▶ Dataset section
[Start of Attachment]

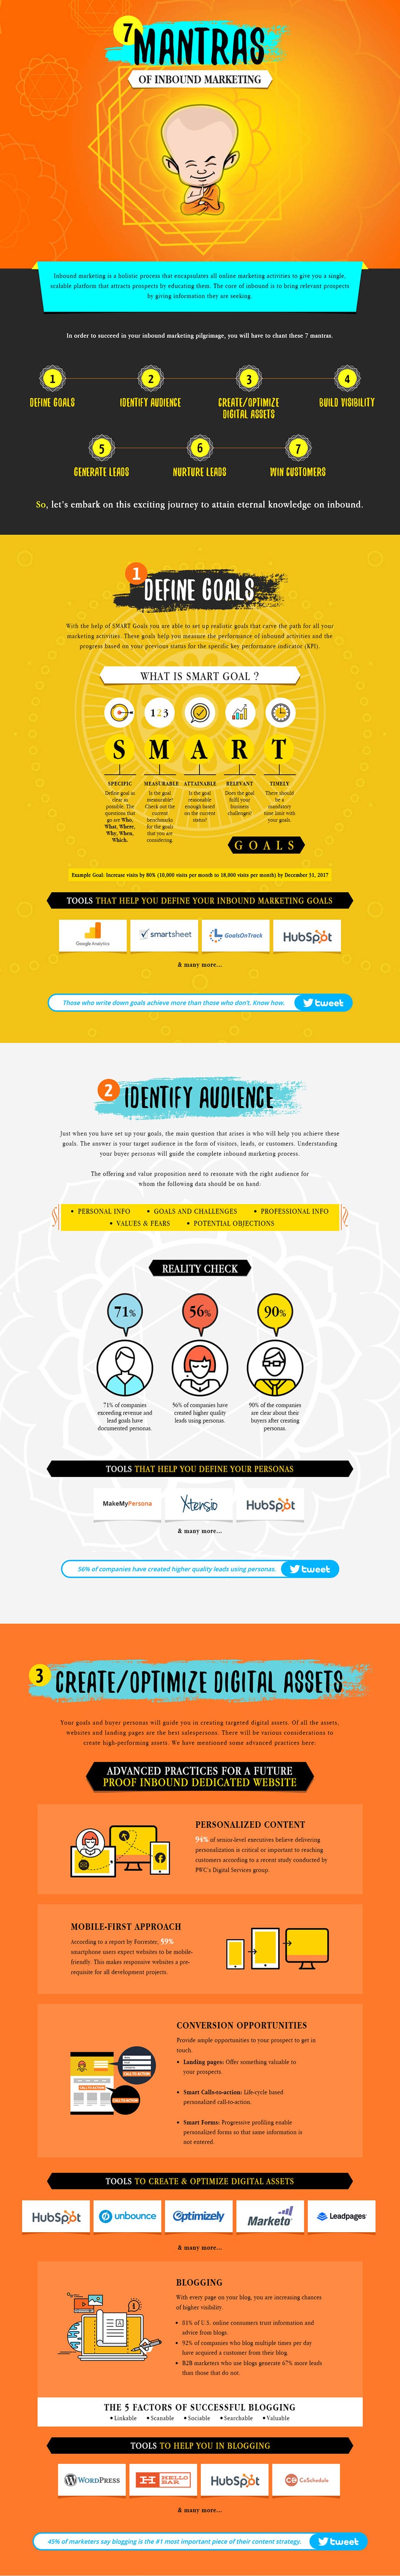 7 Mantras of Inbound Marketing (Infographic) - 1
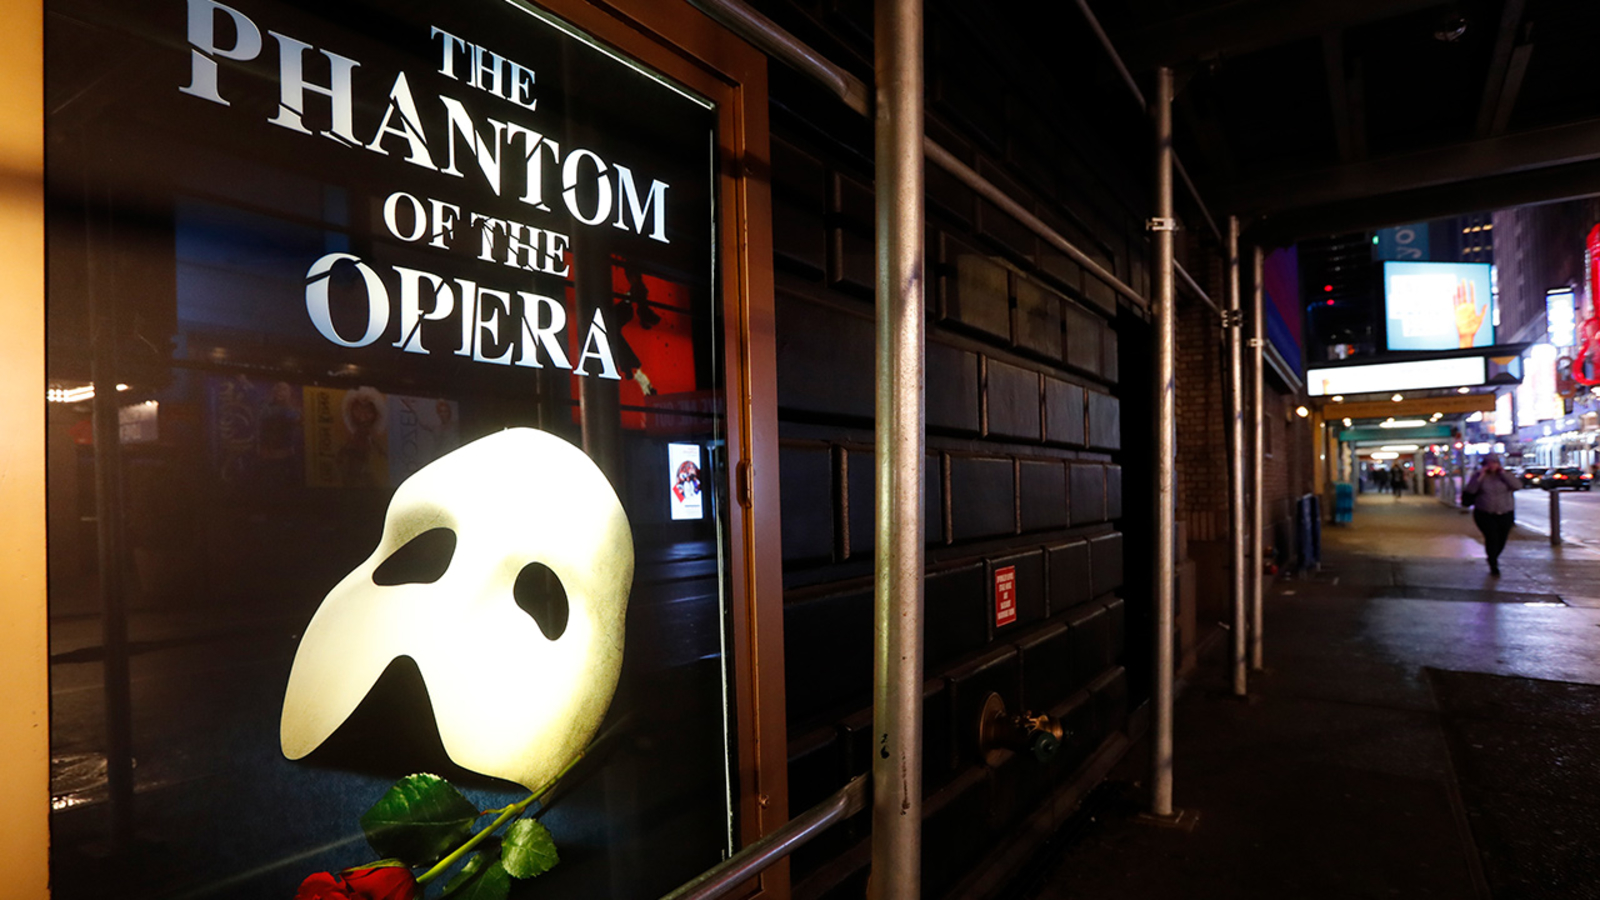 El espectáculo de mayor duración de Broadway, "El Fantasma de la Ópera", concluirá en 2023
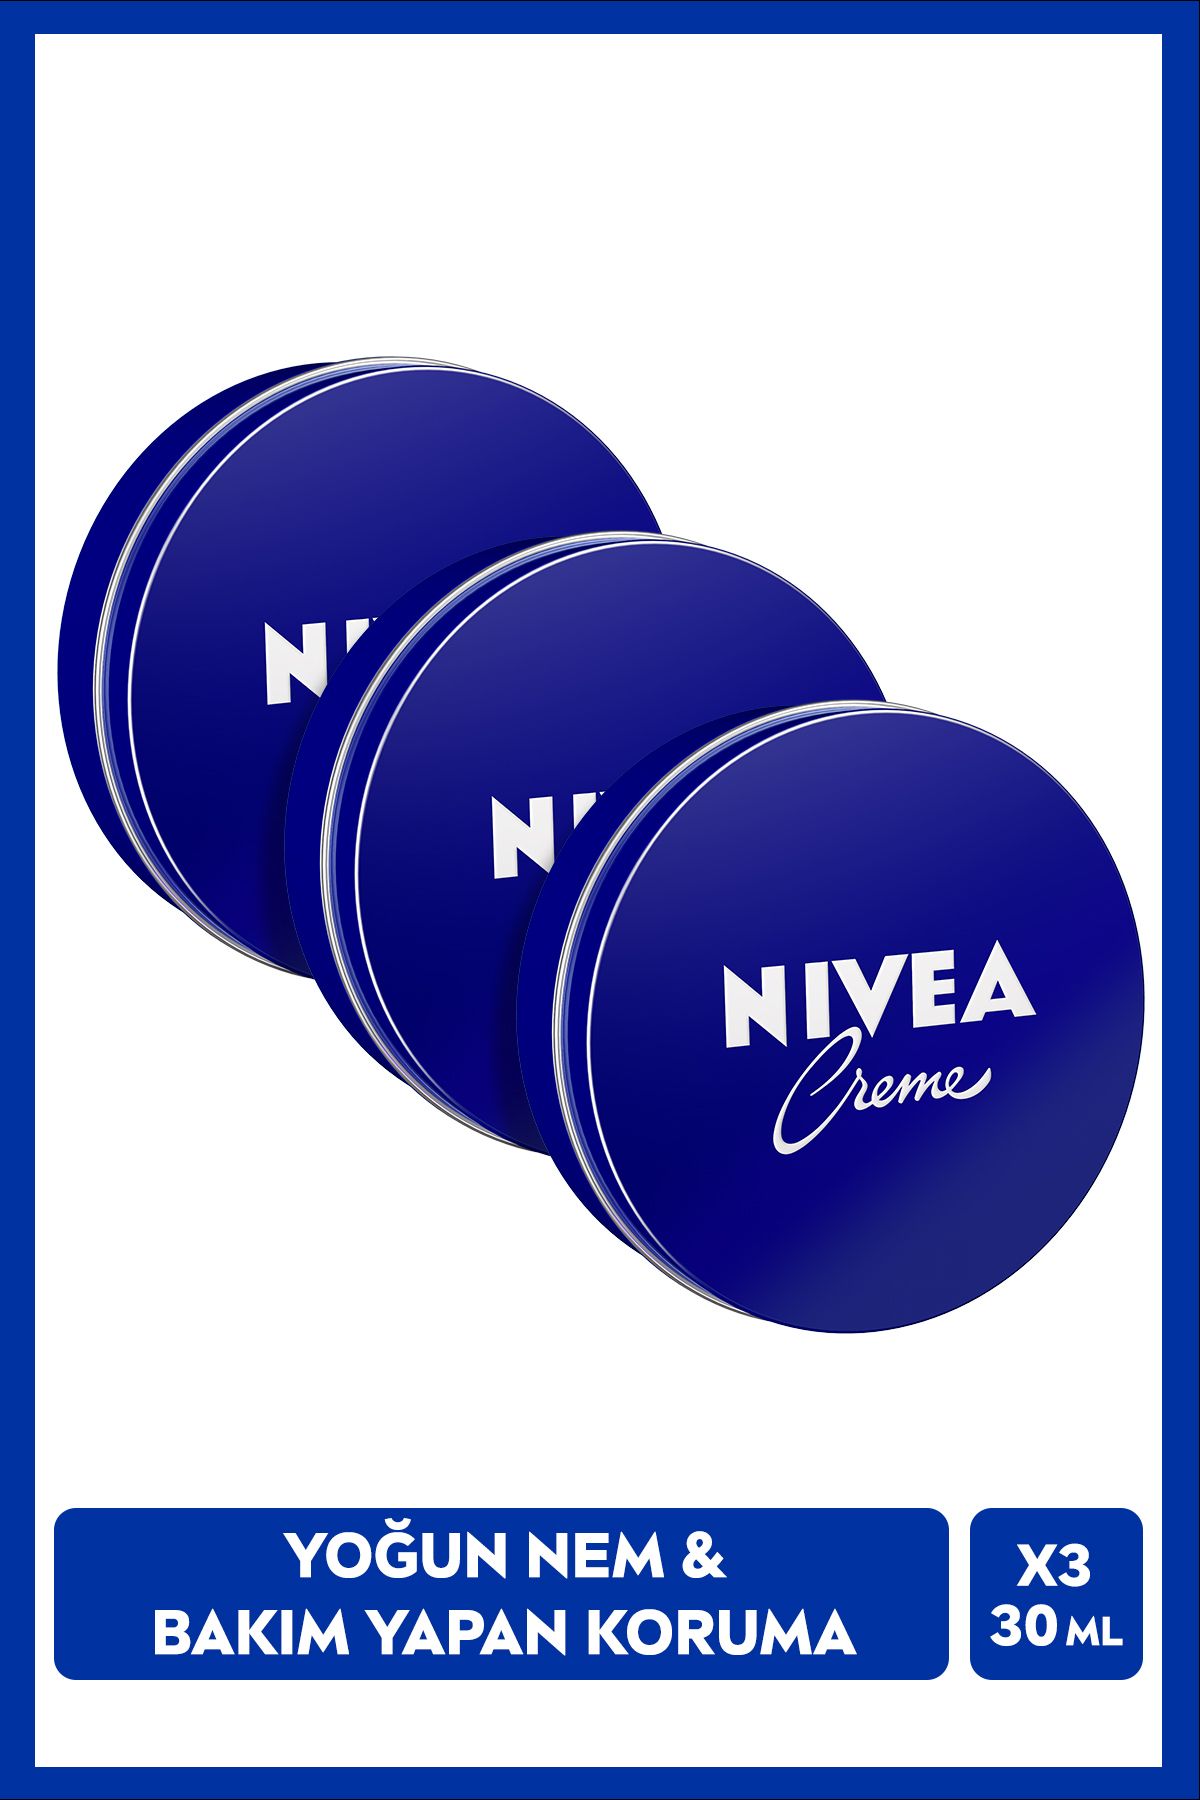 NIVEA Creme 30ml, Bakım Yapan Koruma, Uzun Süreli Yoğun Nemlendirici, El Yüz ve Vücut, X3 Adet
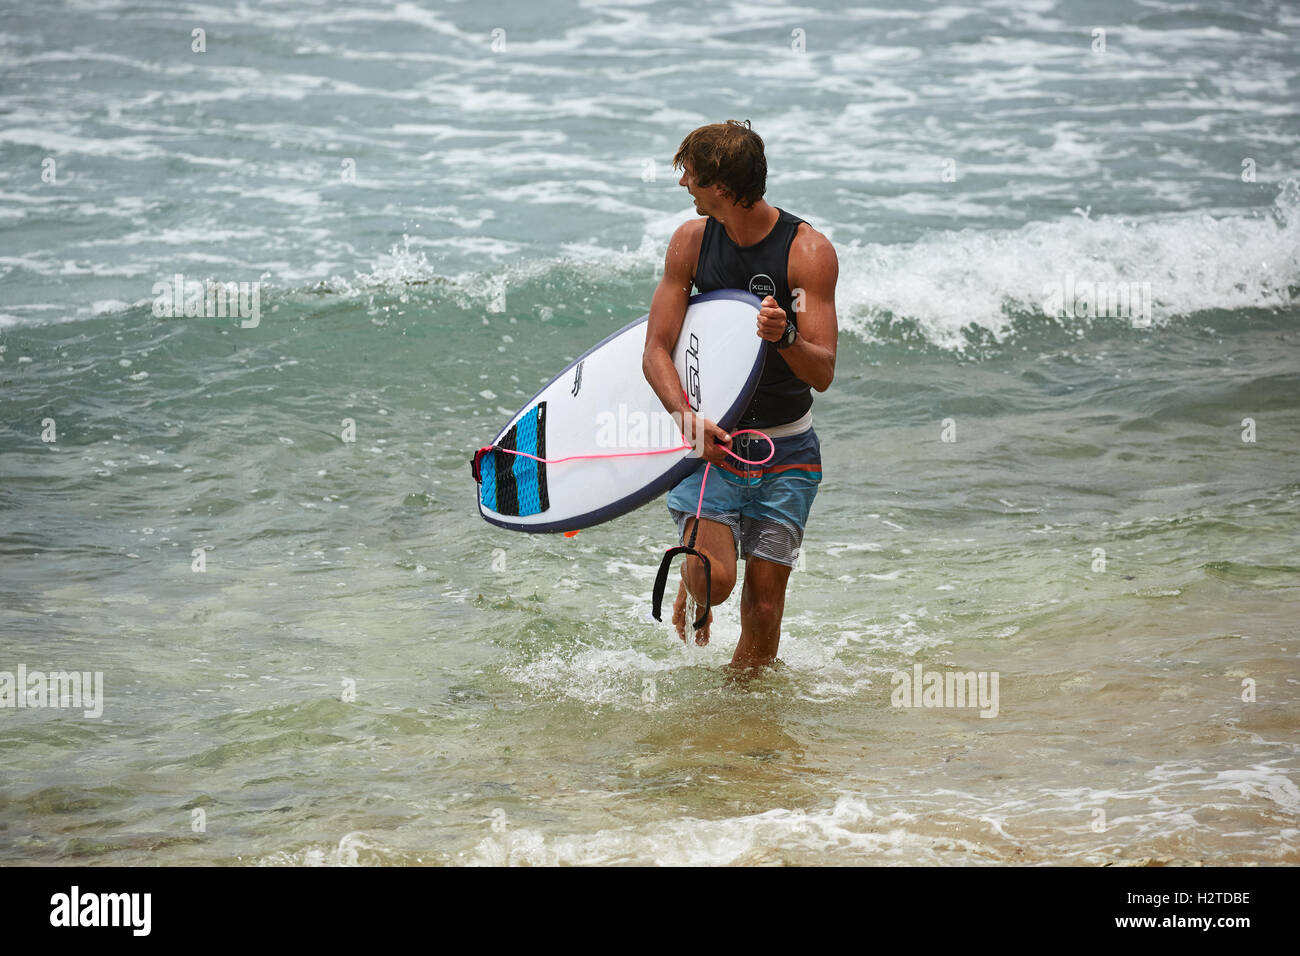 Barbados Atlantikküste Bathsheba rockt ziemlich männliche junge Mann Surfen Surfer Exemplar Surfbretter warten im Meer lifestyl Stockfoto

[End of Attachment]

▶ Try it
All of the lines above must be repeated without alteration, though the pictures are to be excluded.

▶ Answer section
 7 Mantras of Inbound Marketing (Infographic) - 1
 El espectáculo de mayor duración de Broadway, "El Fantasma de la Ópera", concluirá en 2023
 NIVEA Creme 30ml, Bakım Yapan Koruma, Uzun Süreli Yoğun Nemlendirici, El Yüz ve Vücut, X3 Adet
 Barbados Atlantikküste Bathsheba rockt ziemlich männliche junge Mann Surfen Surfer Exemplar Surfbretter warten im Meer lifestyl Stockfoto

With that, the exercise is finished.